What to do: With the pictures removed, please write out every line below exactly as given.

Records excerpted from a collection:
.....

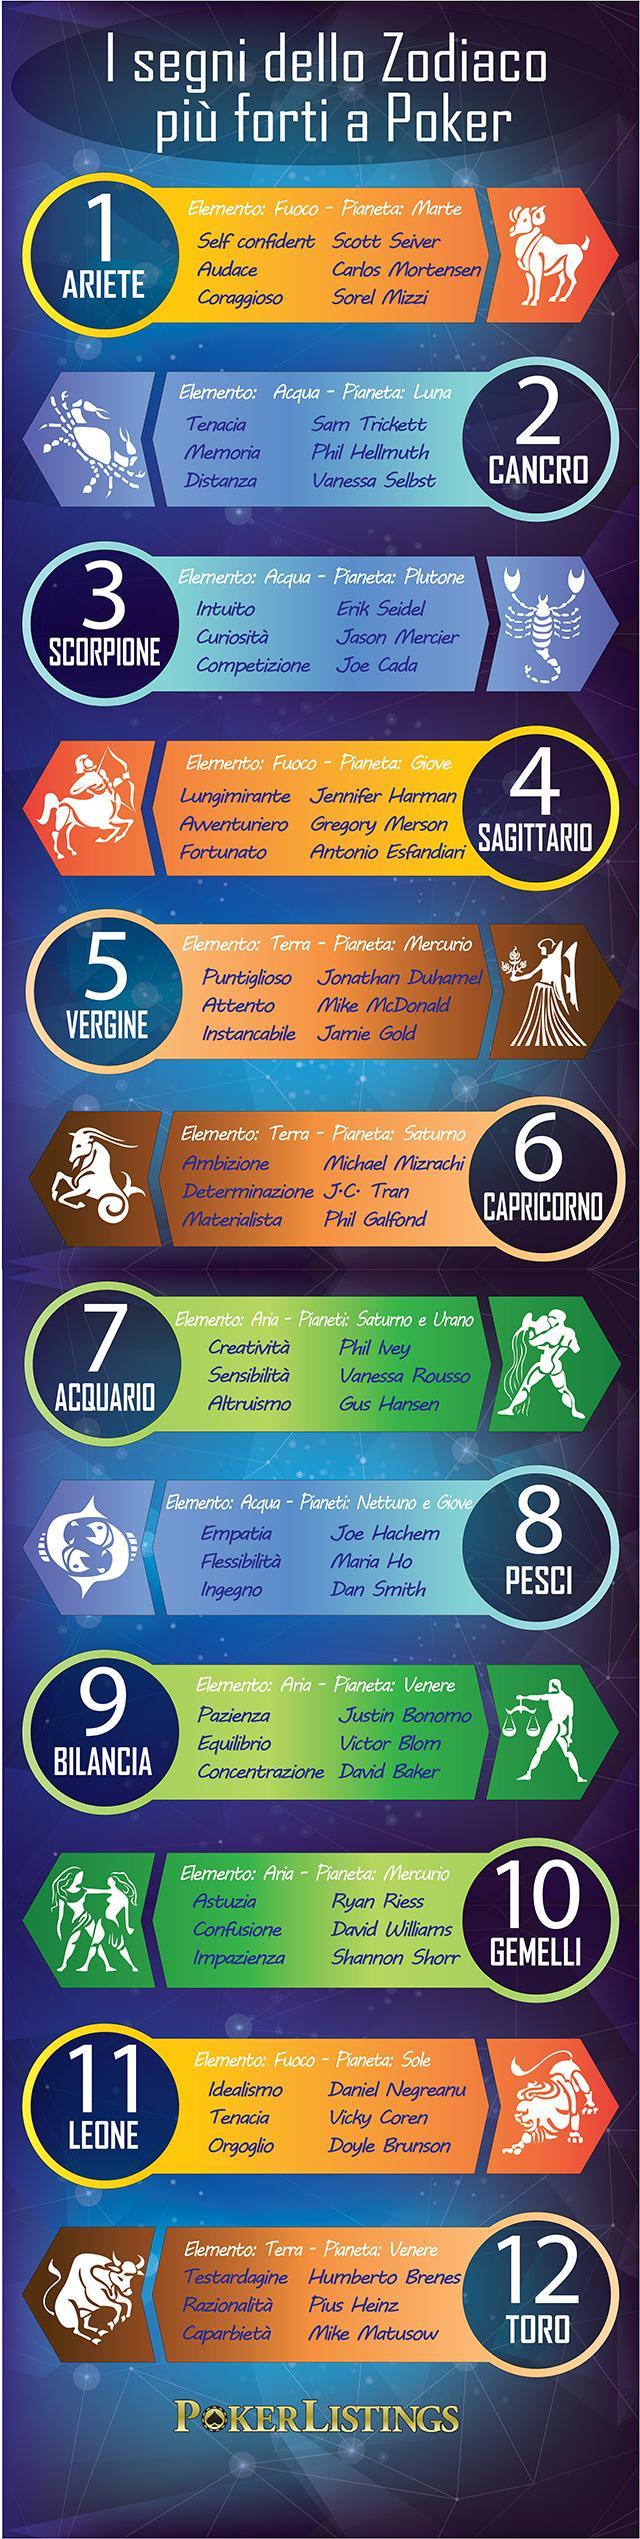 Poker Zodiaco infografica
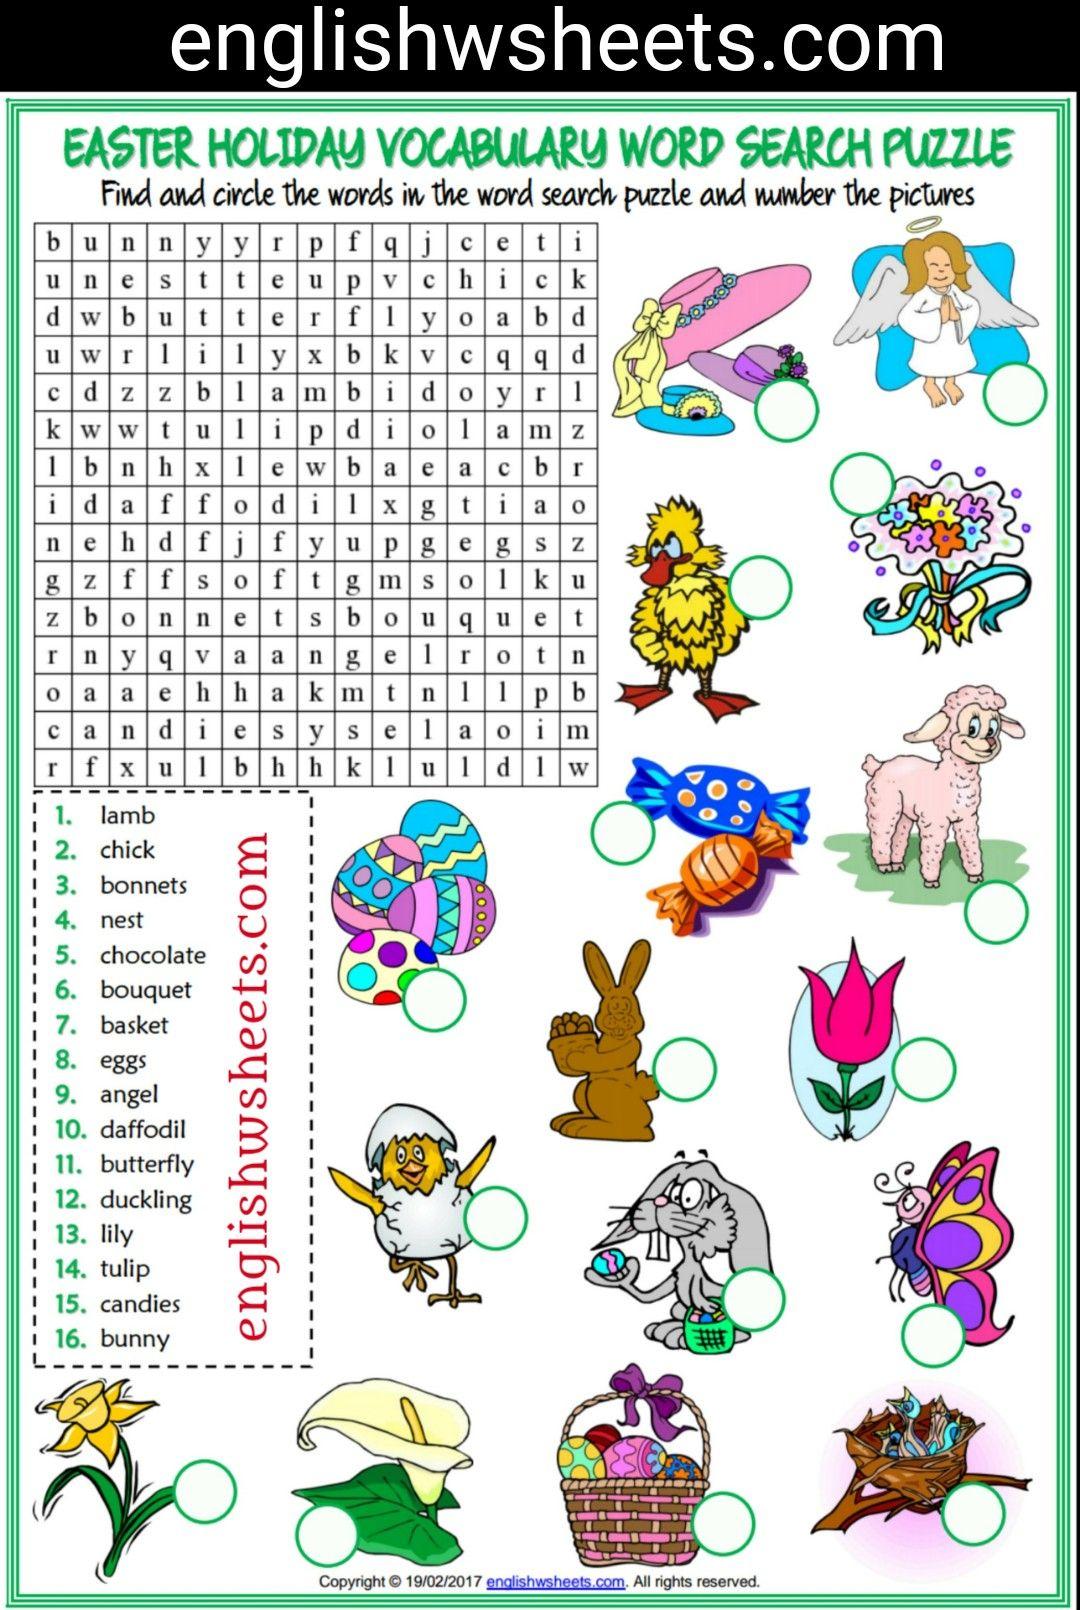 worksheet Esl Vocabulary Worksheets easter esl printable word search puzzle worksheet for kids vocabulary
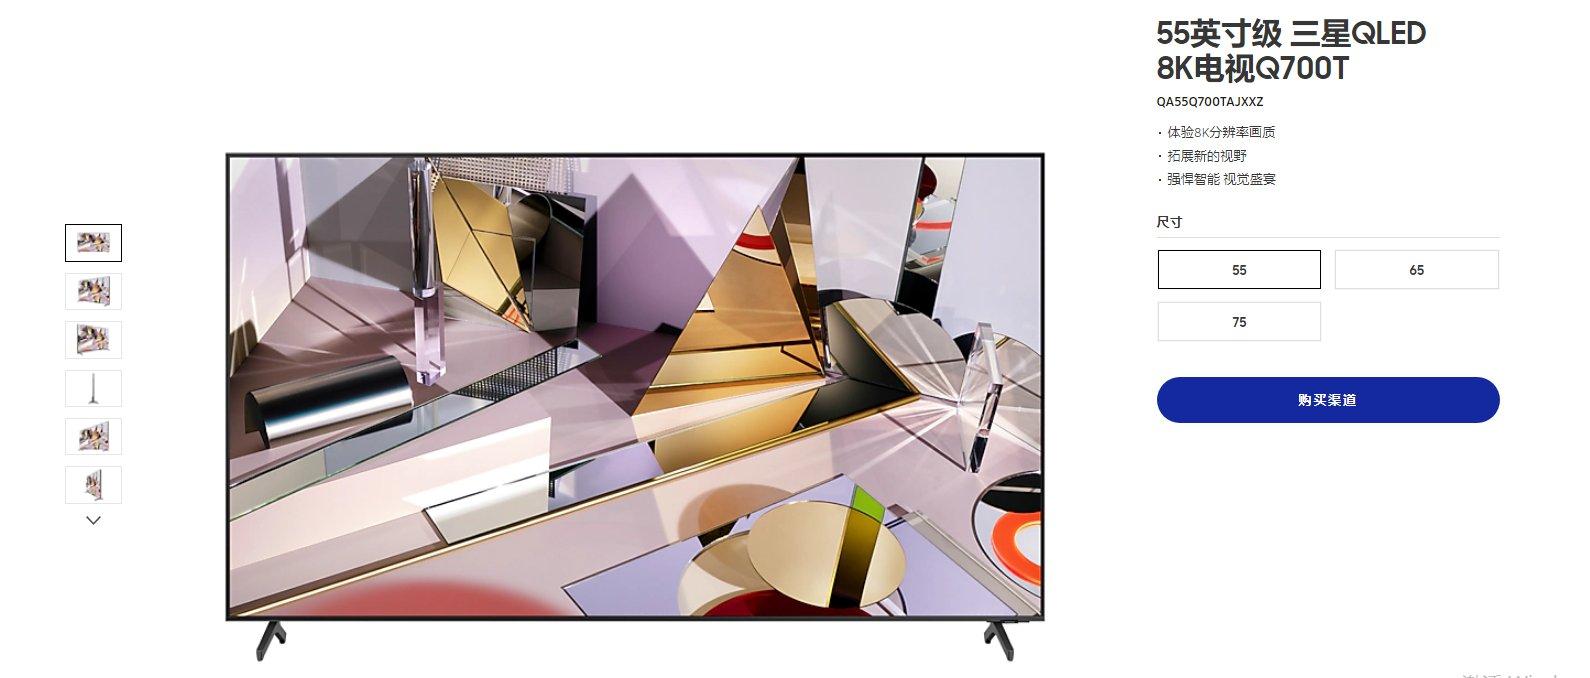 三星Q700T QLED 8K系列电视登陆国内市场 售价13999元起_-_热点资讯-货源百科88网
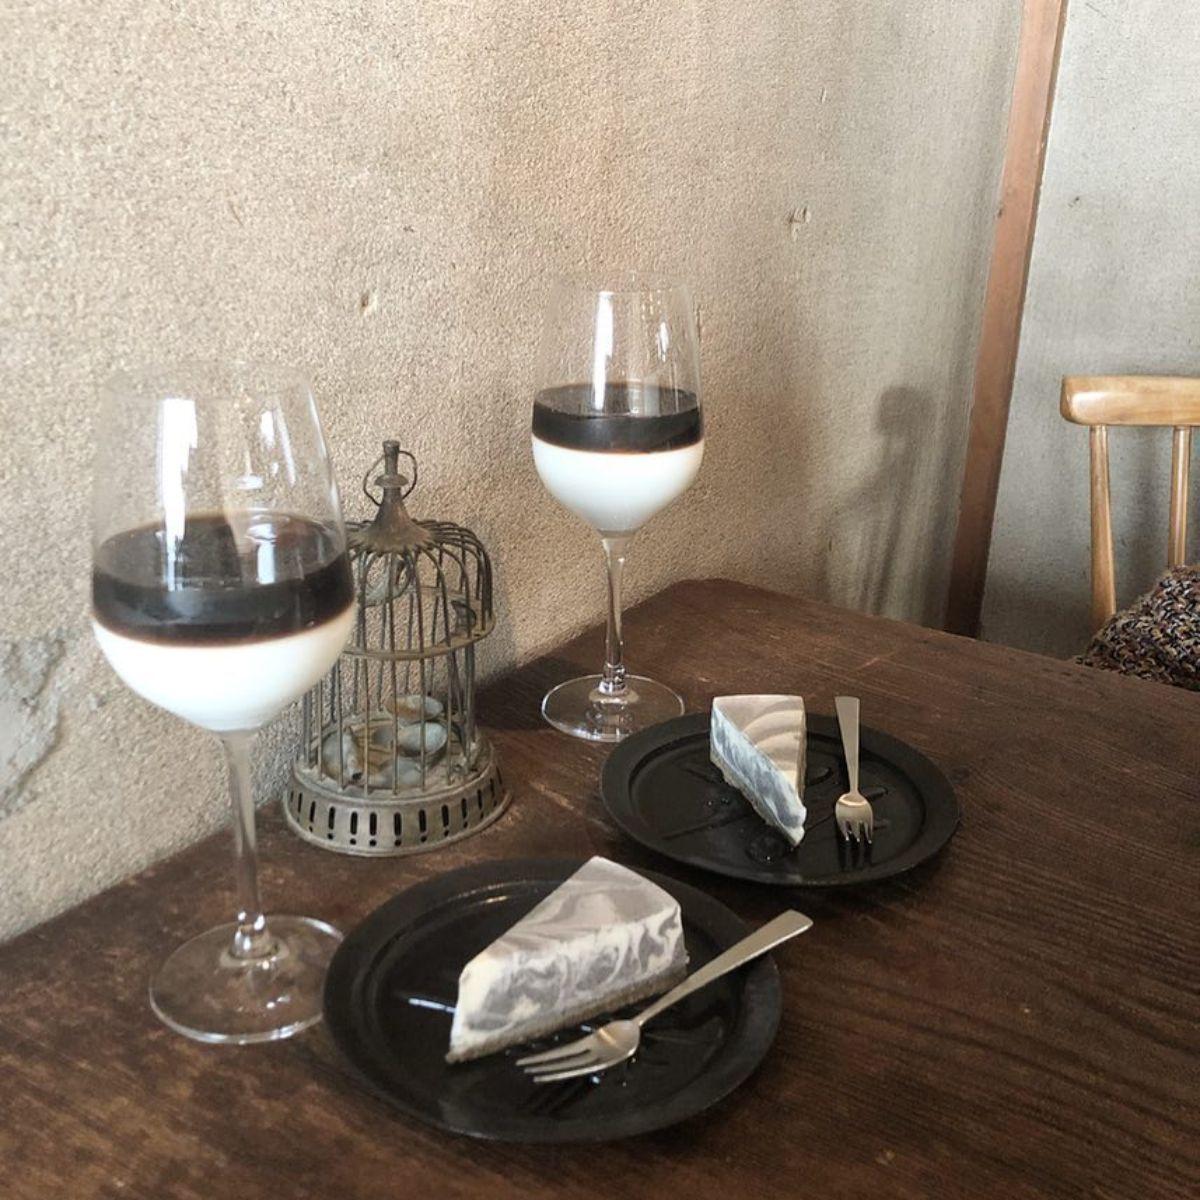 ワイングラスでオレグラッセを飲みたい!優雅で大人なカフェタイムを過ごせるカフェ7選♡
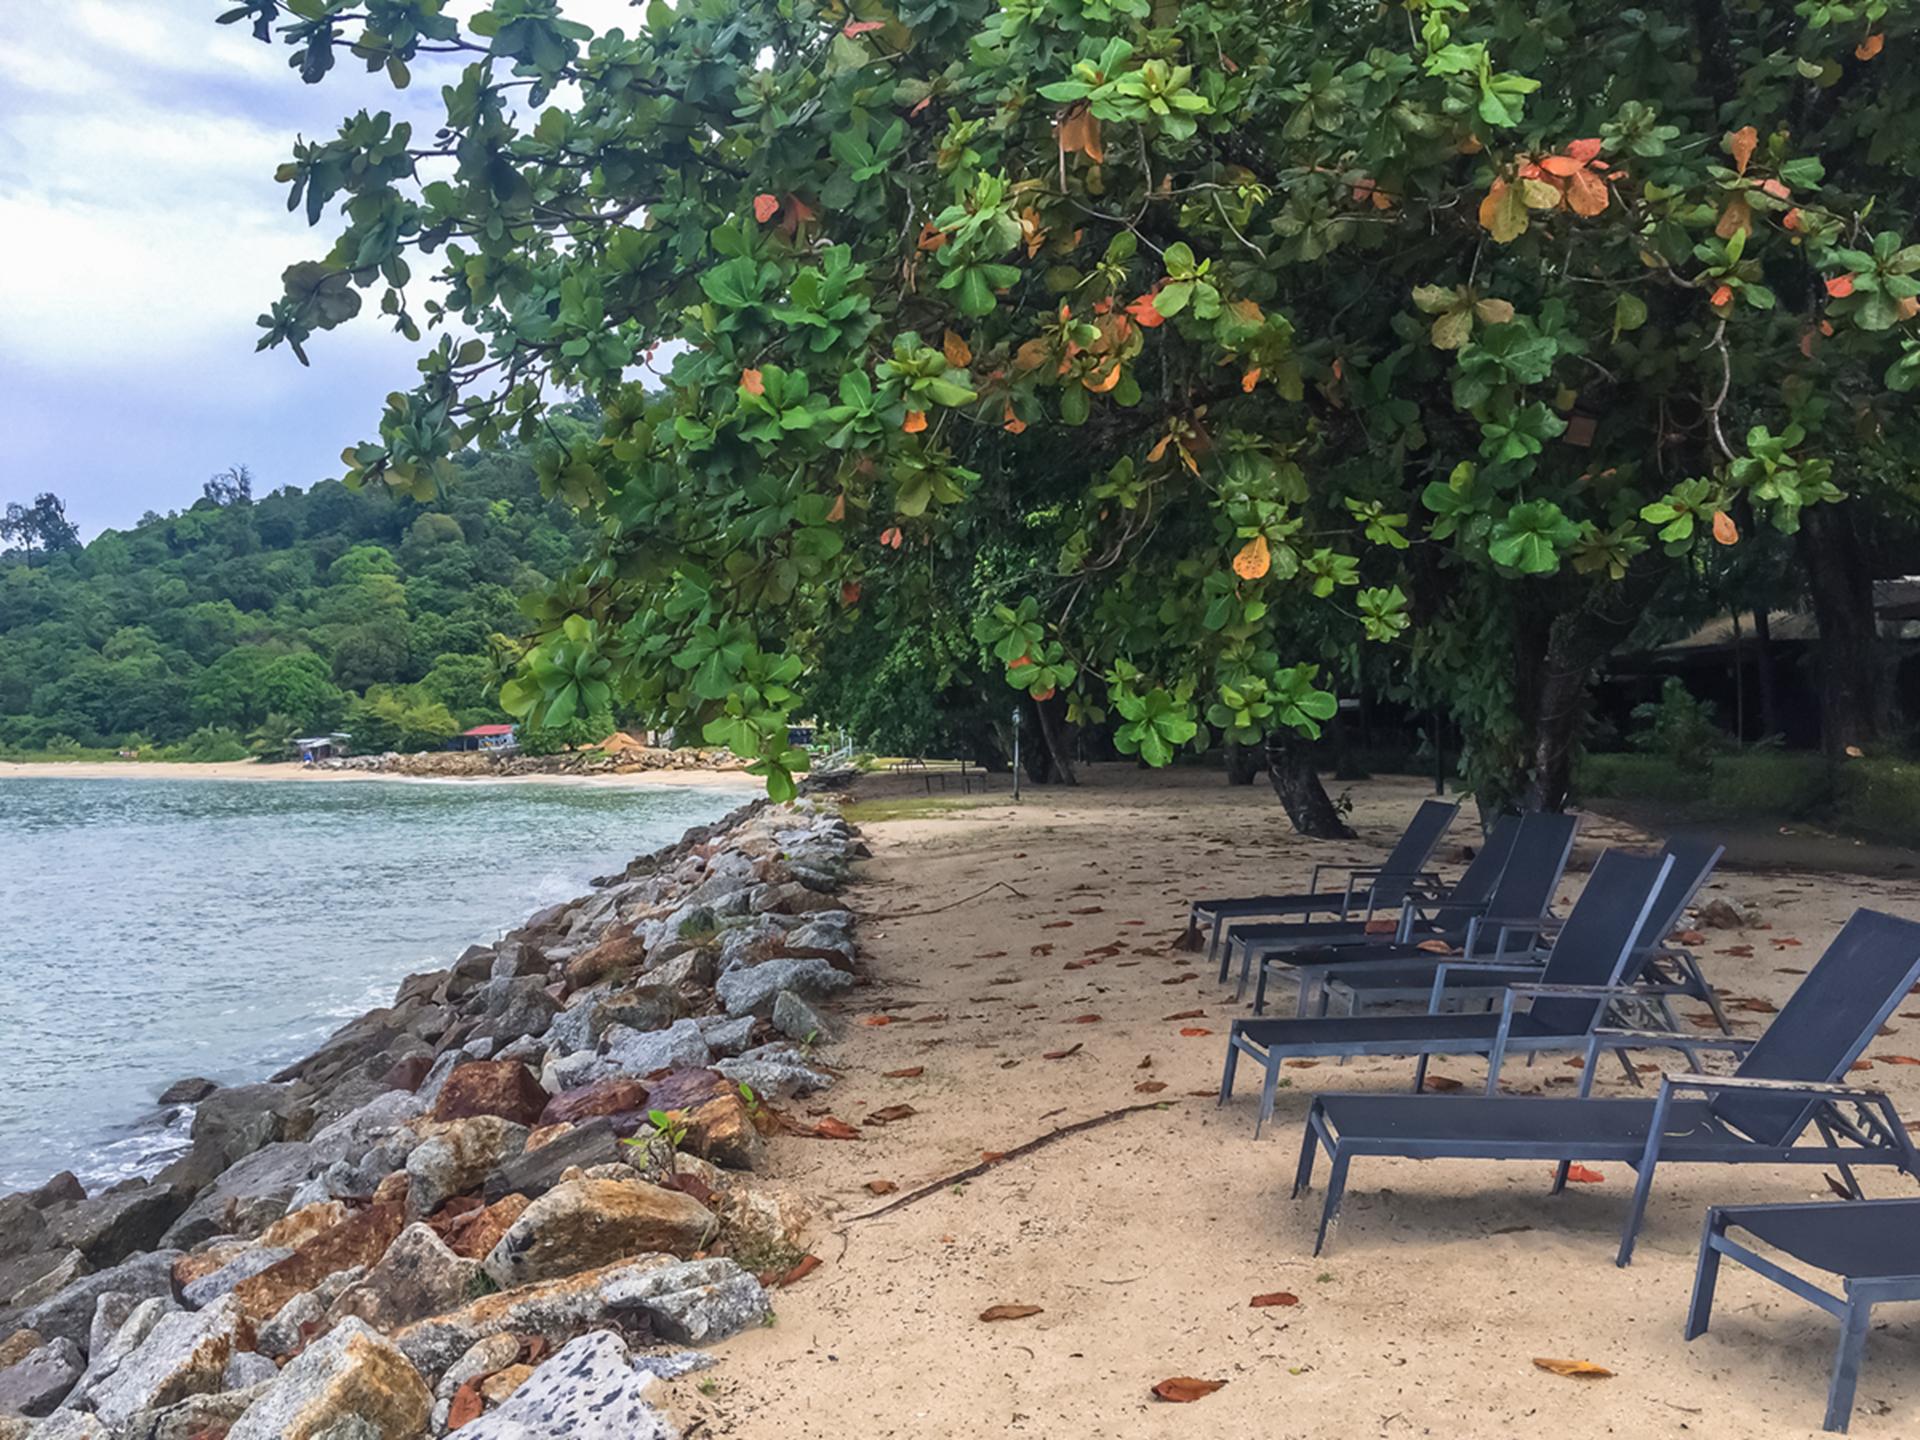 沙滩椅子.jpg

.....

Problem solution:
 Poker Zodiaco infografica
 worksheet Esl Vocabulary Worksheets easter esl printable word search puzzle worksheet for kids vocabulary
 三星Q700T QLED 8K系列电视登陆国内市场 售价13999元起_-_热点资讯-货源百科88网
 ワイングラスでオレグラッセを飲みたい!優雅で大人なカフェタイムを過ごせるカフェ7選♡
 沙滩椅子.jpg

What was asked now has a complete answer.